Feb. 3, 2004 -- Computer-aided mammography is no more accurate in finding breast tumors than already-existing mammogram technology, according to a large new study.

The study found no significant differences in breast cancer detection or in numbers of women called back for another mammogram, writes lead researcher David Gur, ScD, a radiologist with the University of Pittsburgh and Magee-Womens Hospital in Pittsburgh. His study appears in the Journal of the National Cancer Institute.

Most experts agree that mammography screening is the best available method for detecting breast cancer.
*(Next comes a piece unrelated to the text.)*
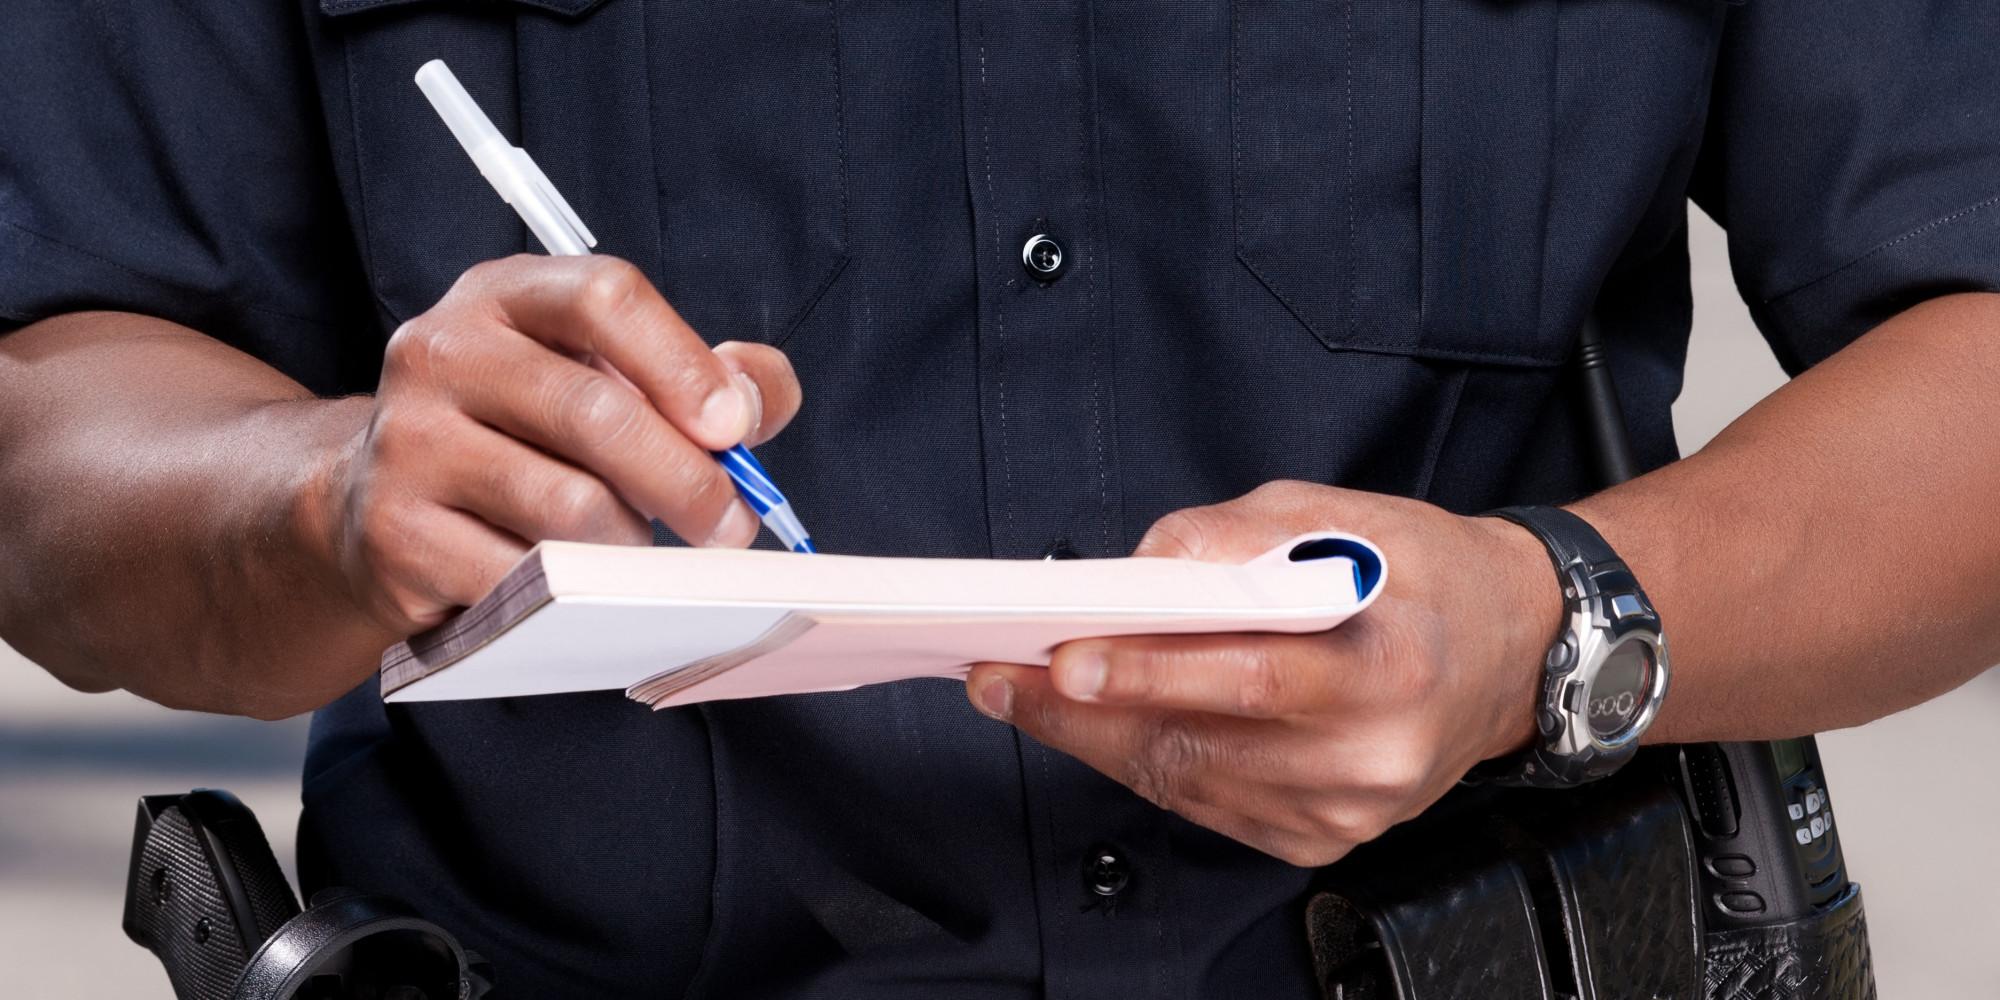 Do police really write tickets to make money?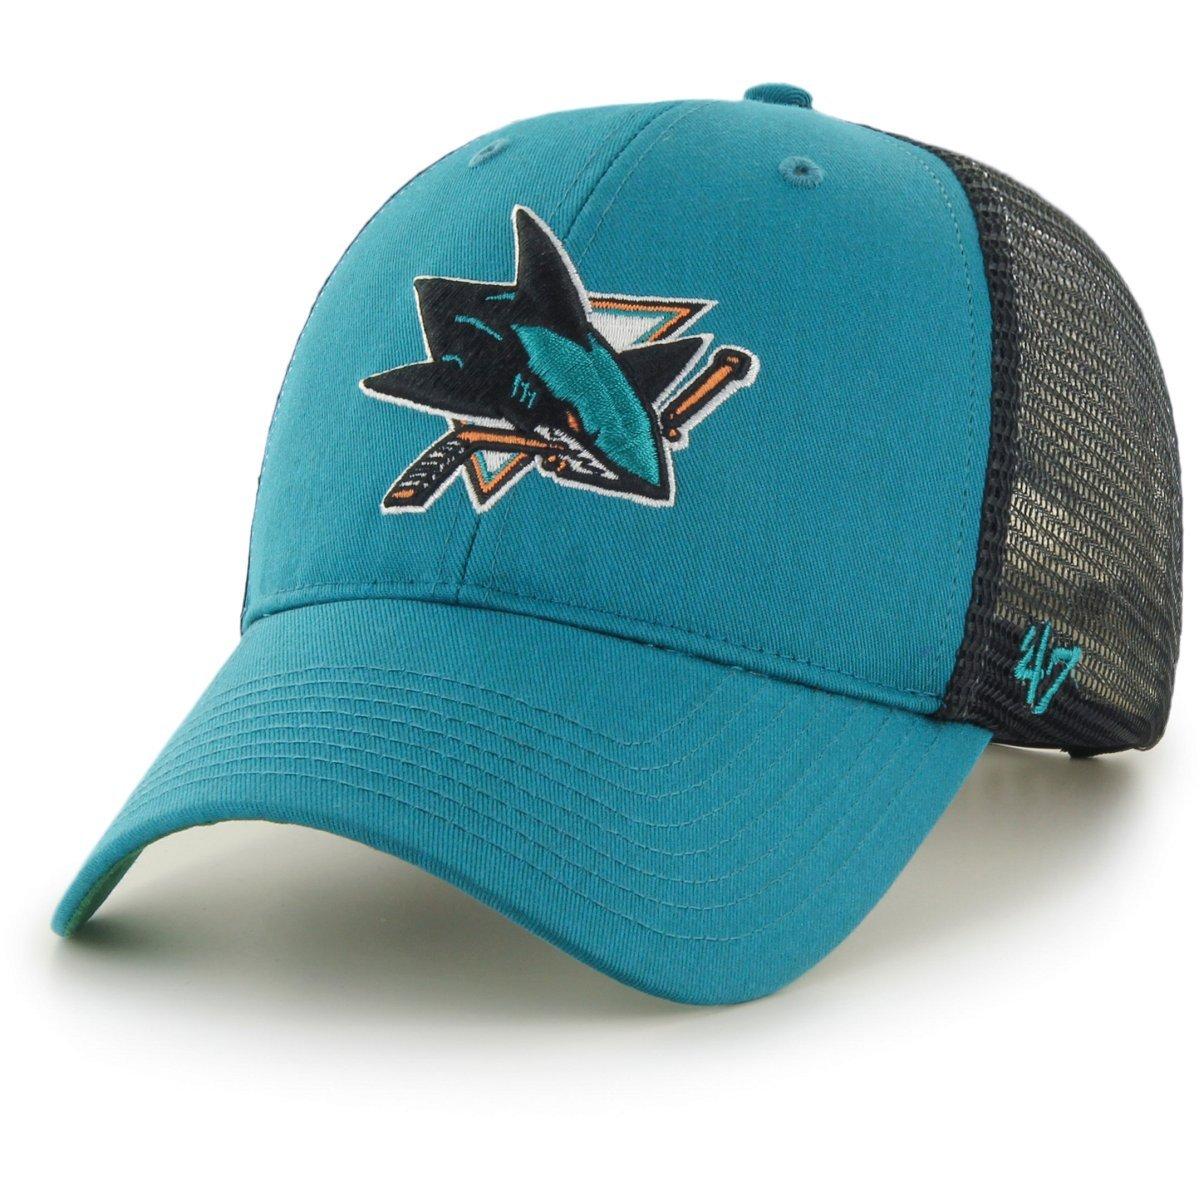 47brand San Jose Sharks Mvp Curved Adjustable Cap Weitere Wintersportarten

But the accuracy of mammograms has been questioned by some -- partly due to differences in performance levels among radiologists, writes Gur.

"In recent years, a major effort has been expended to develop computer-aided detection systems to assist radiologists with the diagnostic process," he writes. "The hope is that these computer-aided detection systems will improve the sensitivity of mammography."

While these computer-aided systems are FDA-approved -- and other studies have suggested that they can potentially increase cancer detection by 20% -- little evidence has been documented about their actual accuracy in clinical practice, writes Gur.

In this study, more than 115,000 mammograms were randomly assigned to either use or not use the computer-aided system. Twenty-four radiologists interpreted the mammograms over a three-year period.

Rates of breast cancer detection were similar: 3.5 per 1,000 screening examinations with and without computer-aided detection.

The number of women asked to come back for additional mammogram testing was also the same -- 12% for both groups, reports Gur.

"This finding is both remarkable and disappointing, given that computer-aided technology has been approved for use by the [FDA] and is already widely used," writes Joann G. Elmore, MD, MPH, with the University of Washington School of Medicine, in an editorial accompanying Gur's study.

Gur's results "highlight the importance of continued investigation of new screening technologies after they have received FDA approval," writes Elmore. "We hope that women's lives can ultimately be saved by this new technology."